David wrote this up well here: https://www.cryptologie.net/article/196/pohlig-hellman-algor...

Obligatory plug: a fun version of this attack is the kick-off problem on Sean Devlin's very excellent Set 8 of the Cryptopals challenges. Set 8 isn't on the website, but you can mail him (finding him is an exercise for the reader) to get a copy (on the honor system, like the other challenges were before we published). Set 8 builds this attack to an extremely useful attack on Elliptic Curve Diffie-Hellman.

cperciva · on March 24, 2016

Several of the methods the writer is playing with involve DH parameters for which they can use Pohlig-Hellman to recover secrets. Pohlig-Hellman breaks DH when its victims are unfortunate enough to be in a group with a smooth order --- that is (I'm butchering this), when the group order factors into small primes. It works by collecting samples from the target for each factor of the group; each leaks a bit of the key modulo that factor. You knit the samples together with CRT.

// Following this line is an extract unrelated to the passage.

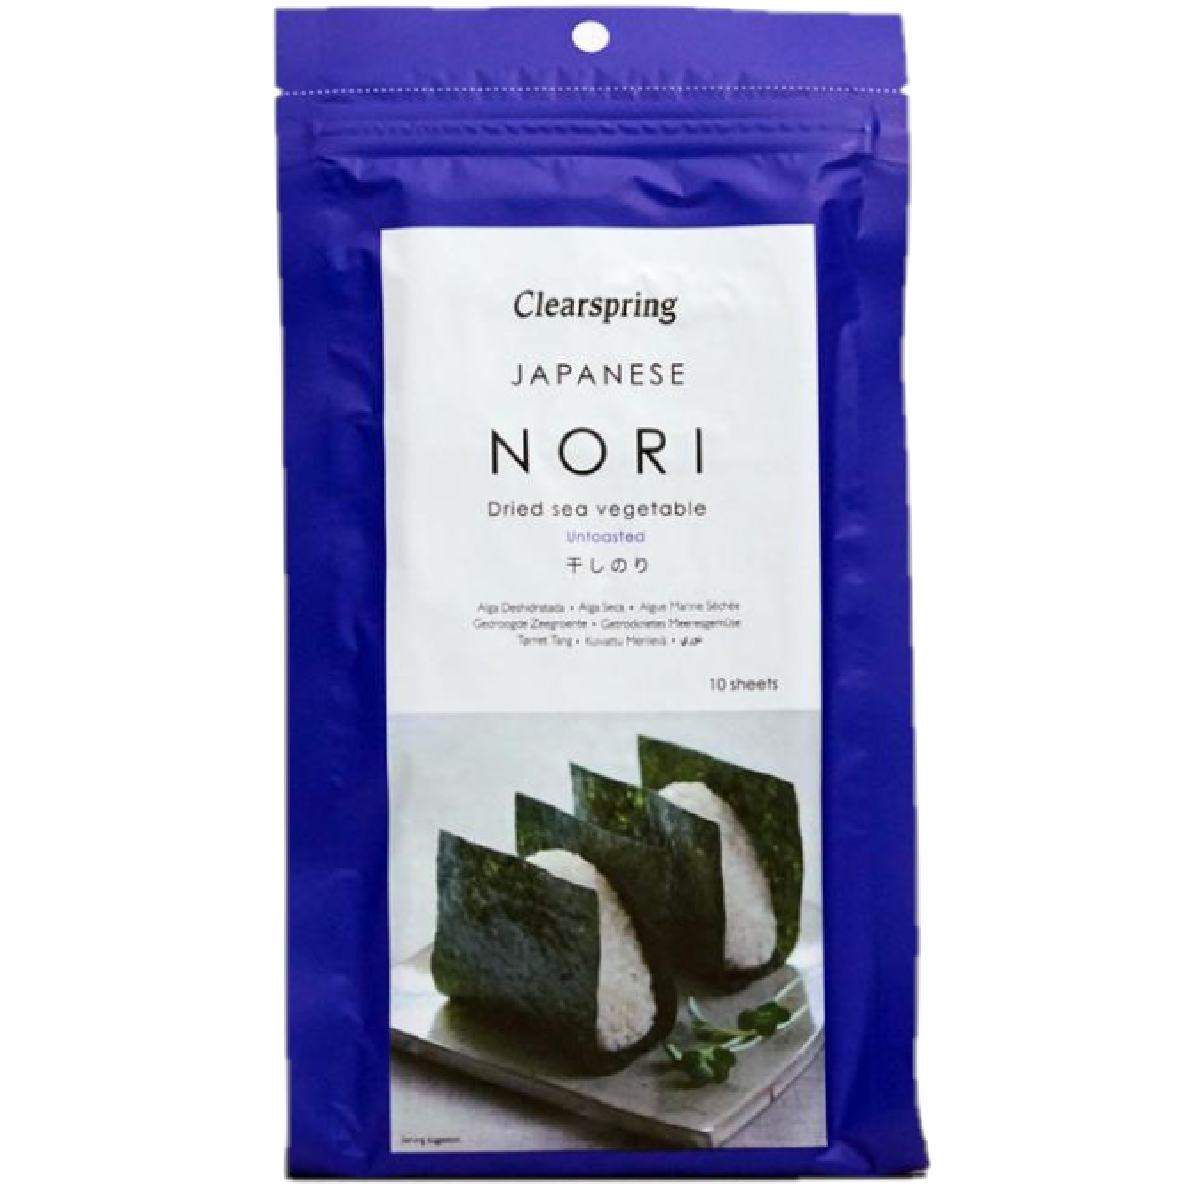 Clearspring Japanese Nori Dried Sea Vegetable Untoasted 25g

I'm not entirely sure how this gets you NOBUS parameters though. You can find any small prime factors of the group order using ECM, so if you're relying on those to let you run Pohlig-Hellman then everybody else can do it too.

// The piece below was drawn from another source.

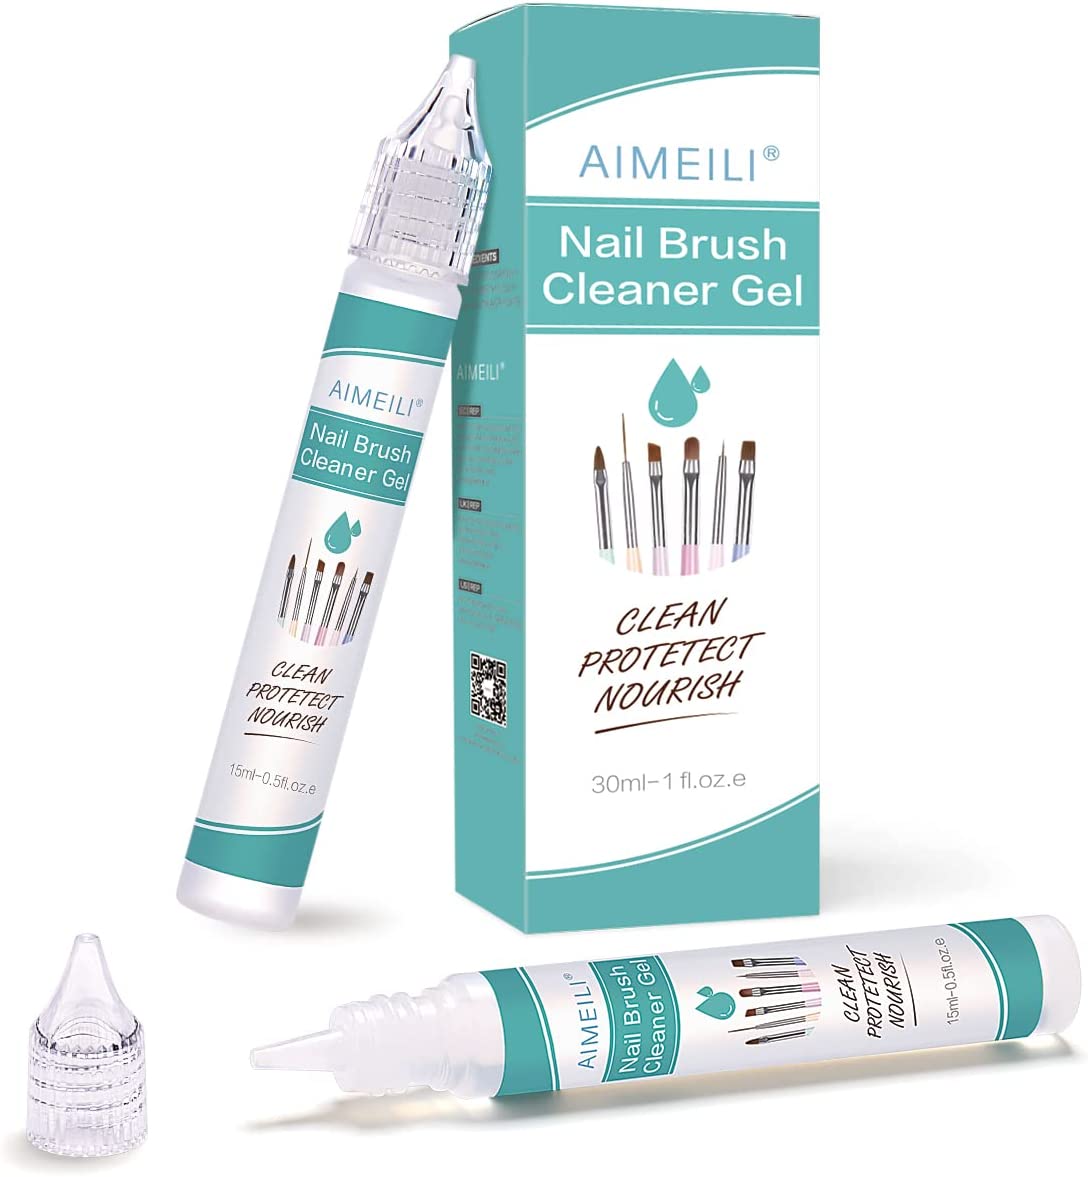 Artisan Nail Brush Cleaner  Quickly Removes Acrylic, Gel Residue & Build Up

(But in any case, you should be locking down your DH implementations to use a fixed nothing-up-my-sleeve group, so even if this is a backdoor it would be a backdoor with flashing neon lights around it.)

pbsd · on March 24, 2016

The idea is to hide the factorization of the group order by using a composite modulus, e.g., p = q . r, where q and r are kept secret. Now the order (q-1)(r-1) is safely protected from ECM (though not from Pollard's p-1, if the order is smooth enough). Better yet, make it p = q . r . s and make each of q, r, and s be safe primes, using index calculus instead of Pohlig-Hellman to find the logs quickly. Yes, I agree that this is as glaring a backdoor as it gets.

For what it's worth, the author missed that interpreting the modulus bytes as 16-bit words in little-endian order does get us a prime, though still not a safe one.

tptacek · on March 24, 2016

I feel like maybe Colin is missing the point a little. Obviously it's a terrible backdoor simply by dint of targeting conventional DH.

But it's a really fun exercise!

baby · on March 24, 2016

> targeting conventional DH

this is targeting ephemeral diffie-hellman. So this would work on any library/private product where you can "hey guys, we should start using 2048bits for DHE, let me suggest this one". This would not work on DH/RSA/... because people usually generate their own parameters for these.

If this remark was pointed at the fact that ECDHE > DHE: I'm not taking the point of view of an implementer trying to implement "new" crypto, I'm trying to take the point of view of a backdoorer (?) trying to push this backdoor in various products/libraries. And it seems like most still use DHE (some stats are in the logjam paper, but I'll do some stats myself out of scans.io when I get time)

baby · on March 24, 2016

the repo is a bit of a mess right now (current research). The p-1 factorization technique doesn't work because of the factor is large enough.

There is also another method that I use that hides the generator's subgroup with a composite modulus.

Both methods are NOBUS and are easy to exploit (no need for index calculus)

> For what it's worth, the author missed that interpreting the modulus bytes as 16-bit words in little-endian order does get us a prime, though still not a safe one.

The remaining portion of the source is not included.